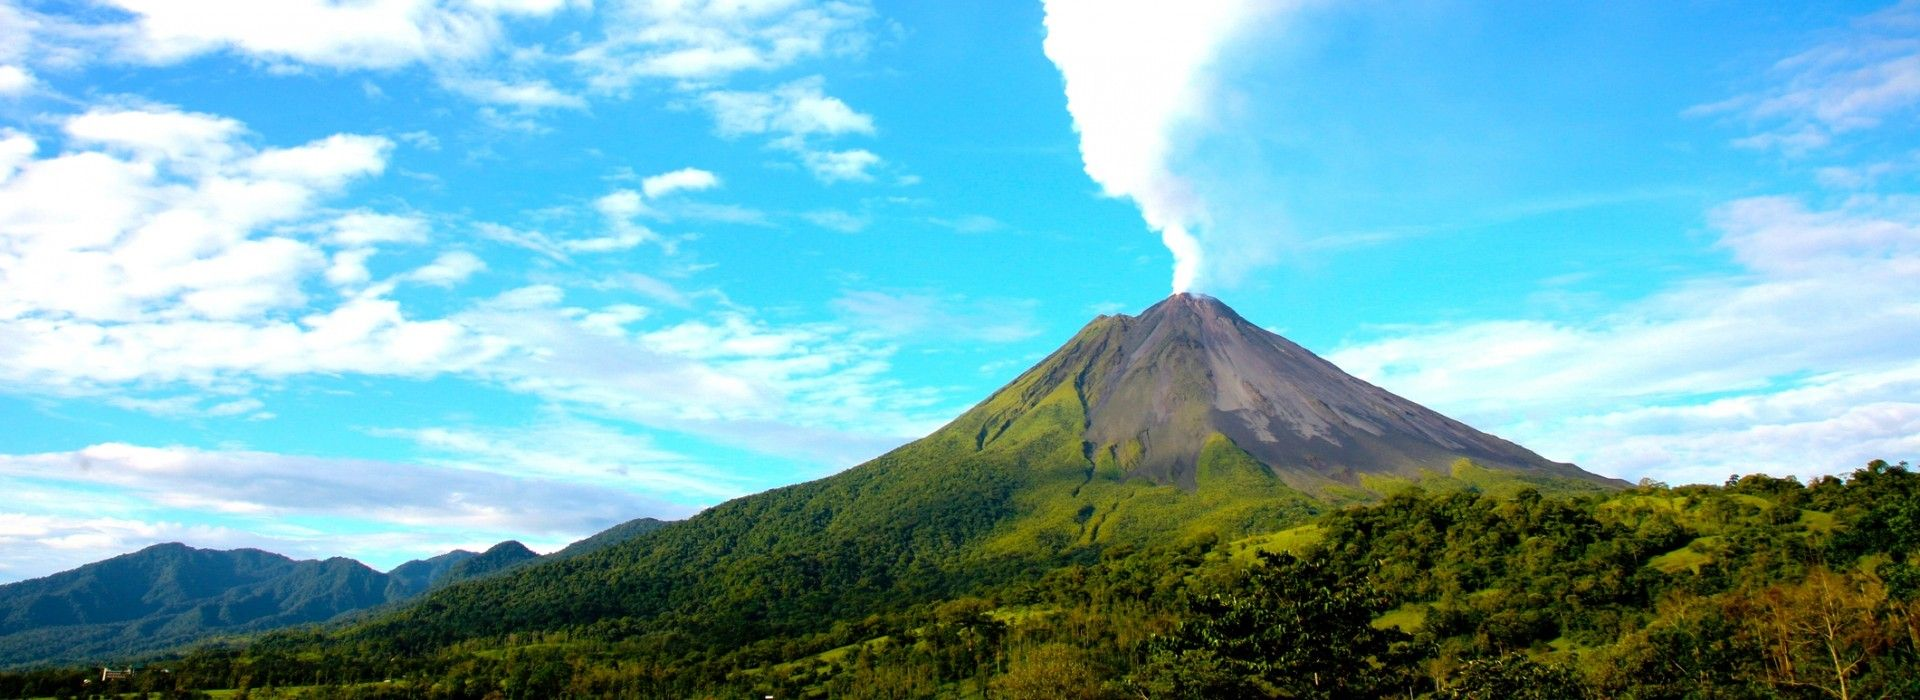 Trekking Tours in Costa Rica
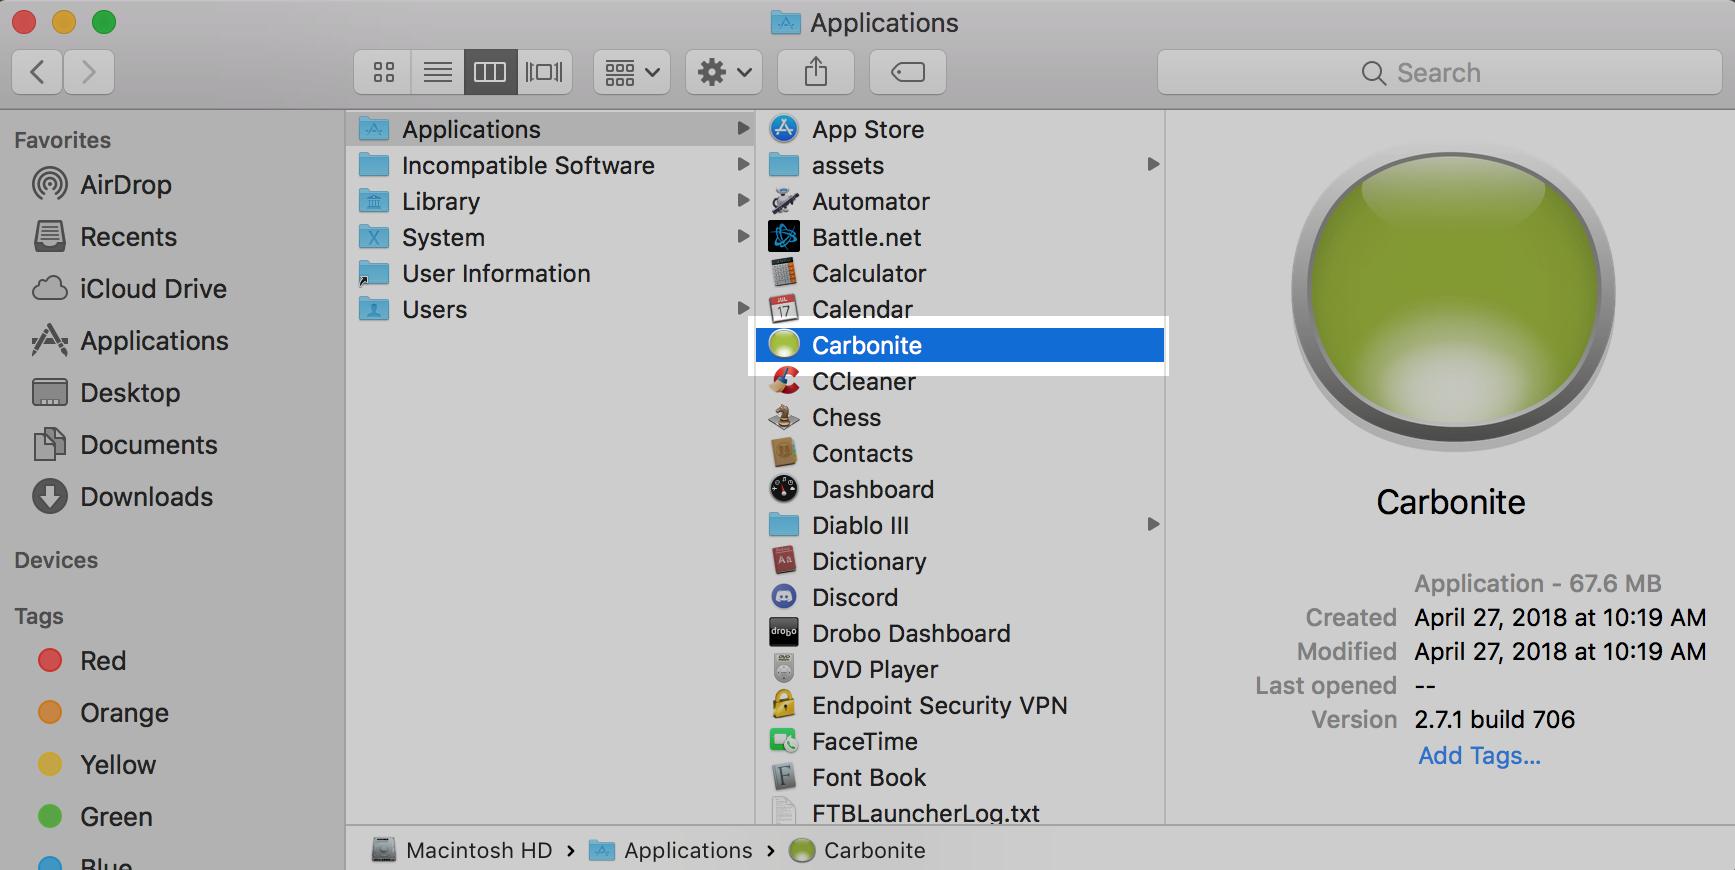 Remove the Carbonite Folder
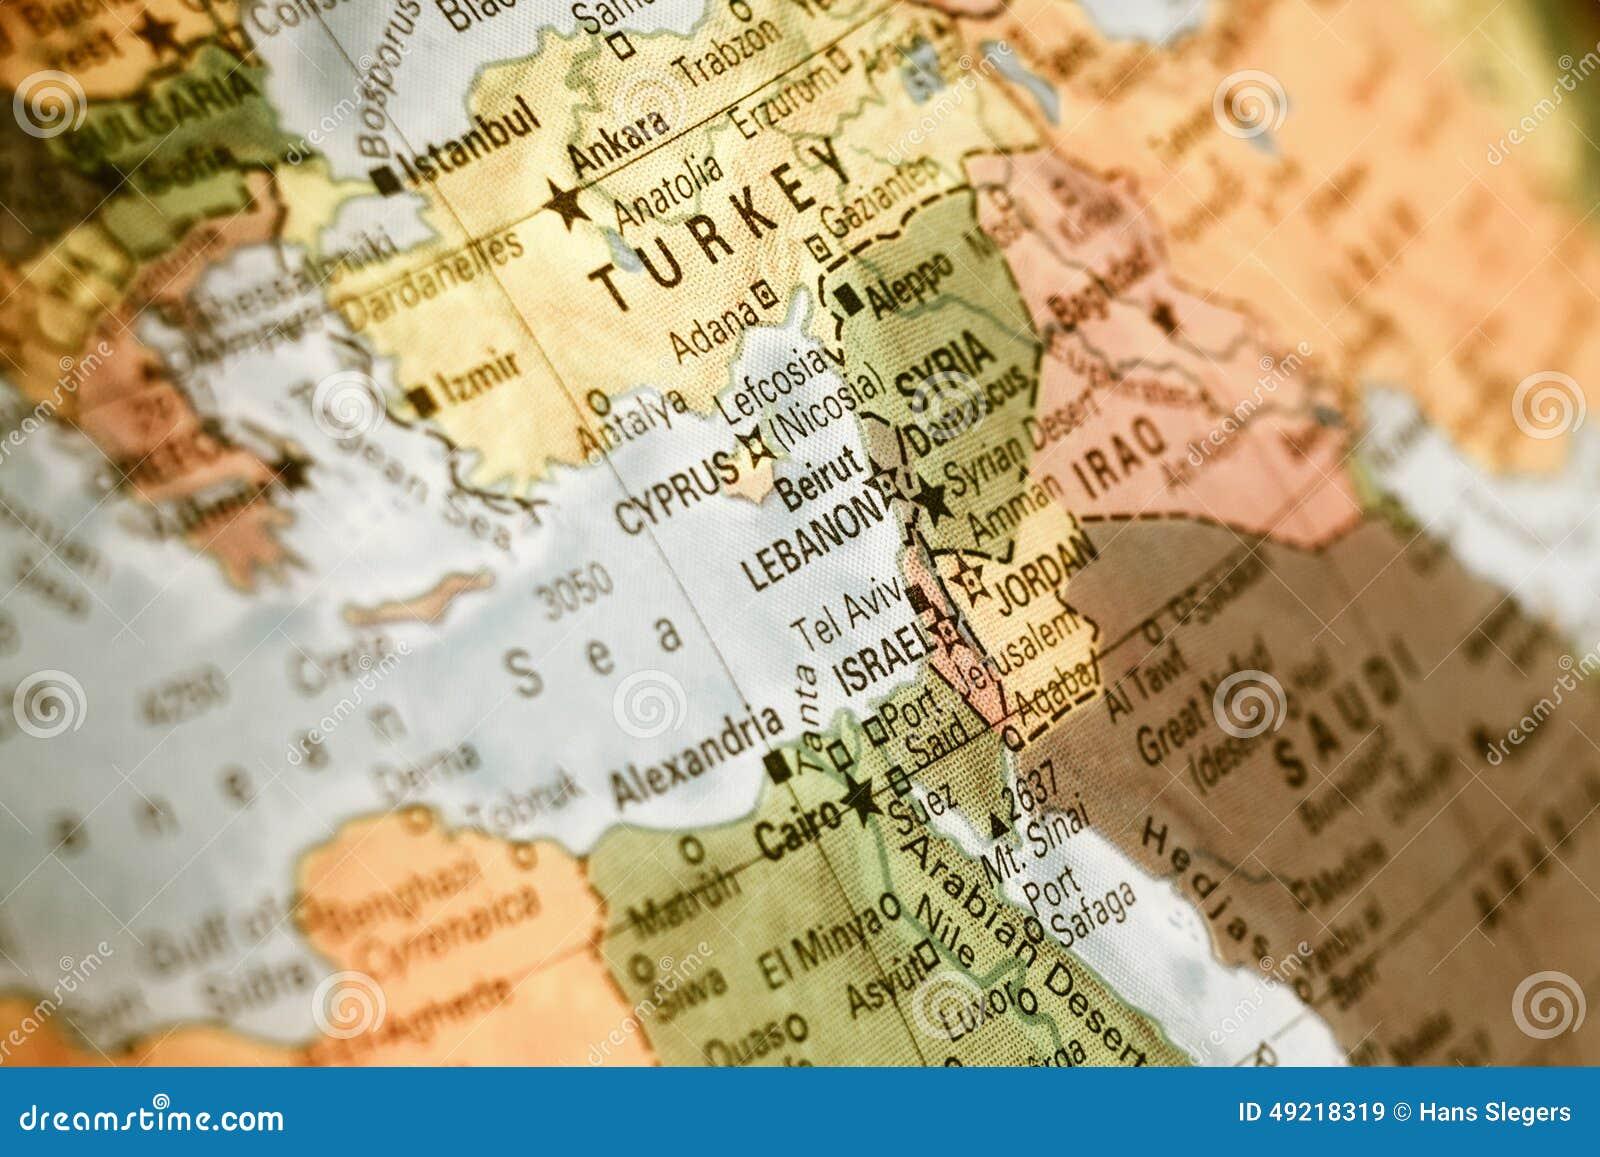 Map of israel turkeyjordan lebanon stock image image of closeup download comp gumiabroncs Choice Image

▶ [WHAT IS REQUIRED] Set out nothing but the lines from the line with "Remove the Carbonite Folder" through the end of the material, reproduced exactly, both ends included, pictures omitted.

▶ [SOLVED PROBLEM]
 Remove the Carbonite Folder
 Map of israel turkeyjordan lebanon stock image image of closeup download comp gumiabroncs Choice Image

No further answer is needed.